How to complete this task » Among the entries below, one stretch runs from the line that contains "lambskin - fur" through the line that contains "完璧な裸の体を見せている強い男裸の胴体 | プレミアム写真". Repeat that stretch exactly, ends included, and only that.

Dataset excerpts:
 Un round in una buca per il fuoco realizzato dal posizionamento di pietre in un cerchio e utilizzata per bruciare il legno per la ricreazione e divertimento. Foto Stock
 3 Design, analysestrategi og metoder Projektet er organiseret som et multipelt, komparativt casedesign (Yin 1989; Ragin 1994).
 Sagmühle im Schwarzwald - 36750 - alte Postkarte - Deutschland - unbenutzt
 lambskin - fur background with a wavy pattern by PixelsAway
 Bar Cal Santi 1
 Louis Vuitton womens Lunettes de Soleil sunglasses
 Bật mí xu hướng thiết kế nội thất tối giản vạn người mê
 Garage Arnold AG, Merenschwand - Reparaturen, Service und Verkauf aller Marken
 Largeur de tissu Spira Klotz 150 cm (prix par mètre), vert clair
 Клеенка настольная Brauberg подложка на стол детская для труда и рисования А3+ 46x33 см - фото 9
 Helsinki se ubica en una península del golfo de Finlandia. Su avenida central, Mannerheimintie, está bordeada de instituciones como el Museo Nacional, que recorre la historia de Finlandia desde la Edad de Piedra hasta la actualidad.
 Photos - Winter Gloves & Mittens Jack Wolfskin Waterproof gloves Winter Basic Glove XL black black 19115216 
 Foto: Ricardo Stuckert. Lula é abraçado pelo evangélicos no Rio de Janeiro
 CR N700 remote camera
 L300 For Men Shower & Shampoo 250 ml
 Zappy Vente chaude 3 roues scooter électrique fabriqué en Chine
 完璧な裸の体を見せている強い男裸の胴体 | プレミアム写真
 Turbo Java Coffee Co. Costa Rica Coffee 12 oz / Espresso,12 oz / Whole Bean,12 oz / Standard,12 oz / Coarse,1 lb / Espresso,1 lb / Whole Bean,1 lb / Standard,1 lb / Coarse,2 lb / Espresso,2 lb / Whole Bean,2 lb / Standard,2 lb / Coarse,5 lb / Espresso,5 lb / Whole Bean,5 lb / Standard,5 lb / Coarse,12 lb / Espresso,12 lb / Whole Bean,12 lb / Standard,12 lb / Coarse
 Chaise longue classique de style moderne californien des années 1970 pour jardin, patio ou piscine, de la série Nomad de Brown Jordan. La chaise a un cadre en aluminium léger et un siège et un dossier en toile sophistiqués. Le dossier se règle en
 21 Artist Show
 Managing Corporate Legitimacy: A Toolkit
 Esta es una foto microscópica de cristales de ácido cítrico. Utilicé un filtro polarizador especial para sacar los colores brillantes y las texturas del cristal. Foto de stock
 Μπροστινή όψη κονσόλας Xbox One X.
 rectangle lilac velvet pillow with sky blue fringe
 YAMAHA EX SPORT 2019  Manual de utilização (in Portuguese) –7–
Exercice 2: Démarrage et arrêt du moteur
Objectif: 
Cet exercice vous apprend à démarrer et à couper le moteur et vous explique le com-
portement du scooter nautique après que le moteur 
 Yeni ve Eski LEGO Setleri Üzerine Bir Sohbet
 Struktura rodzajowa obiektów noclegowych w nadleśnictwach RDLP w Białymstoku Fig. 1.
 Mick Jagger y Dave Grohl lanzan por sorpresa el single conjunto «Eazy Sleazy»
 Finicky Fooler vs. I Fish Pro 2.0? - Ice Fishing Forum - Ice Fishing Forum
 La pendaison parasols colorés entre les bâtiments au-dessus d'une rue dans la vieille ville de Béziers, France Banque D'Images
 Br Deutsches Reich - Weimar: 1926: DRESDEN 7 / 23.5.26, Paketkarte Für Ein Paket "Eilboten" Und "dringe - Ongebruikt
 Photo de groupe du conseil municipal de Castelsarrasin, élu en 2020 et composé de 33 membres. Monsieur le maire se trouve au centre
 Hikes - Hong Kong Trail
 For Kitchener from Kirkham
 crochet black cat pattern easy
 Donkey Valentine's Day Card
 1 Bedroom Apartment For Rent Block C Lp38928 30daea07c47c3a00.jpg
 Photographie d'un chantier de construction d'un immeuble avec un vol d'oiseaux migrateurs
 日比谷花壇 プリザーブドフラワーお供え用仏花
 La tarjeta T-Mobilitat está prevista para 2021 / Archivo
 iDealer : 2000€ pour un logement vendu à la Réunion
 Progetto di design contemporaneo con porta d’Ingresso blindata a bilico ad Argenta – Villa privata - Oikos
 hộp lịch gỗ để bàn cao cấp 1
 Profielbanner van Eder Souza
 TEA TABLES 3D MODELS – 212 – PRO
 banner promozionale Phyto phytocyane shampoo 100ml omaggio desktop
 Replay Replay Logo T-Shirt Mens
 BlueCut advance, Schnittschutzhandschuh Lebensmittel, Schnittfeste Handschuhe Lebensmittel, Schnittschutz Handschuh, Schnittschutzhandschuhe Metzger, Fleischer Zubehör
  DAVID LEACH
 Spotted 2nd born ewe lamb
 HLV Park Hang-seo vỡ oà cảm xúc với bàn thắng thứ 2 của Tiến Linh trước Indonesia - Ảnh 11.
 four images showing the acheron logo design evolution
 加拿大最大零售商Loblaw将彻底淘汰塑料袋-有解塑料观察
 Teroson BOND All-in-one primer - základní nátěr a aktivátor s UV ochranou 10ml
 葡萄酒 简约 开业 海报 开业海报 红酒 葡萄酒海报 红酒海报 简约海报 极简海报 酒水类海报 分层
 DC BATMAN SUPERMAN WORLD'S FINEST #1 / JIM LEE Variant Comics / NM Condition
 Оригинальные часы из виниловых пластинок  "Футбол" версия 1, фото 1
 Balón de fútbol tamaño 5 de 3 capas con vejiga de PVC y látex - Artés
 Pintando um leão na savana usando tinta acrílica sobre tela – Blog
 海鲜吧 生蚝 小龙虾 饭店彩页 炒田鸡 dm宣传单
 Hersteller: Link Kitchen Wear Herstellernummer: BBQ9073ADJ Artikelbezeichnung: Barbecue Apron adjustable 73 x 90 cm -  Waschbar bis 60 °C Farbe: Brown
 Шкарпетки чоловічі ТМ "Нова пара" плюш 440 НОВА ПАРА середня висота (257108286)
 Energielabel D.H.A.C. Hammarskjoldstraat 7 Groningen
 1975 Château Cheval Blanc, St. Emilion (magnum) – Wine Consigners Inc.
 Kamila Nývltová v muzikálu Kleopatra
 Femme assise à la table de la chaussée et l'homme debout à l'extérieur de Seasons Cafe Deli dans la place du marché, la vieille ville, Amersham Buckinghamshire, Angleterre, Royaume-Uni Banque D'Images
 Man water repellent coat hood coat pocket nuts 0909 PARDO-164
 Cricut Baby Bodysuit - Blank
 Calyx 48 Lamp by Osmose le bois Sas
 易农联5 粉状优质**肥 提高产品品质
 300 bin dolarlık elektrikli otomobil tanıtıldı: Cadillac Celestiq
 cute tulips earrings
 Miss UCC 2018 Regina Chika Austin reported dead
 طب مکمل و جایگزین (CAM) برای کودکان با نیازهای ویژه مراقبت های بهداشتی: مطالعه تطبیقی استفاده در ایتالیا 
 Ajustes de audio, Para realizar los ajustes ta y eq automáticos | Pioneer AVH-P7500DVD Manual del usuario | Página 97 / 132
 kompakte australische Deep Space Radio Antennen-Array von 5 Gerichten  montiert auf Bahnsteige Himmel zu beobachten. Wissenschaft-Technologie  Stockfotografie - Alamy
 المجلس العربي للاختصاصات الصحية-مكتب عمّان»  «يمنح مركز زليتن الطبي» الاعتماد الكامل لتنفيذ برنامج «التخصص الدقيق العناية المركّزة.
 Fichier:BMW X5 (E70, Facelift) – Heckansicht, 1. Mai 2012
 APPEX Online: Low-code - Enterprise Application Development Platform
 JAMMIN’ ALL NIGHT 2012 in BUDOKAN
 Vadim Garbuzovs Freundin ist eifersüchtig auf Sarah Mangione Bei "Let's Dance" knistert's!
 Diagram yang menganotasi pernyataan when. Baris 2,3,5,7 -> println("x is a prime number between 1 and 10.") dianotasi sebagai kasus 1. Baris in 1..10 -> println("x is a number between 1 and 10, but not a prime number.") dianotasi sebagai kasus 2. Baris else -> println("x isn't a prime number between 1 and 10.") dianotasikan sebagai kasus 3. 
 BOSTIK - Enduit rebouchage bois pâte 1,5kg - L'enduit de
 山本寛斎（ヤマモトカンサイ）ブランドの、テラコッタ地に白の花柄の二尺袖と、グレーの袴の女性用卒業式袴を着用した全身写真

Reply to the task »
 lambskin - fur background with a wavy pattern by PixelsAway
 Bar Cal Santi 1
 Louis Vuitton womens Lunettes de Soleil sunglasses
 Bật mí xu hướng thiết kế nội thất tối giản vạn người mê
 Garage Arnold AG, Merenschwand - Reparaturen, Service und Verkauf aller Marken
 Largeur de tissu Spira Klotz 150 cm (prix par mètre), vert clair
 Клеенка настольная Brauberg подложка на стол детская для труда и рисования А3+ 46x33 см - фото 9
 Helsinki se ubica en una península del golfo de Finlandia. Su avenida central, Mannerheimintie, está bordeada de instituciones como el Museo Nacional, que recorre la historia de Finlandia desde la Edad de Piedra hasta la actualidad.
 Photos - Winter Gloves & Mittens Jack Wolfskin Waterproof gloves Winter Basic Glove XL black black 19115216 
 Foto: Ricardo Stuckert. Lula é abraçado pelo evangélicos no Rio de Janeiro
 CR N700 remote camera
 L300 For Men Shower & Shampoo 250 ml
 Zappy Vente chaude 3 roues scooter électrique fabriqué en Chine
 完璧な裸の体を見せている強い男裸の胴体 | プレミアム写真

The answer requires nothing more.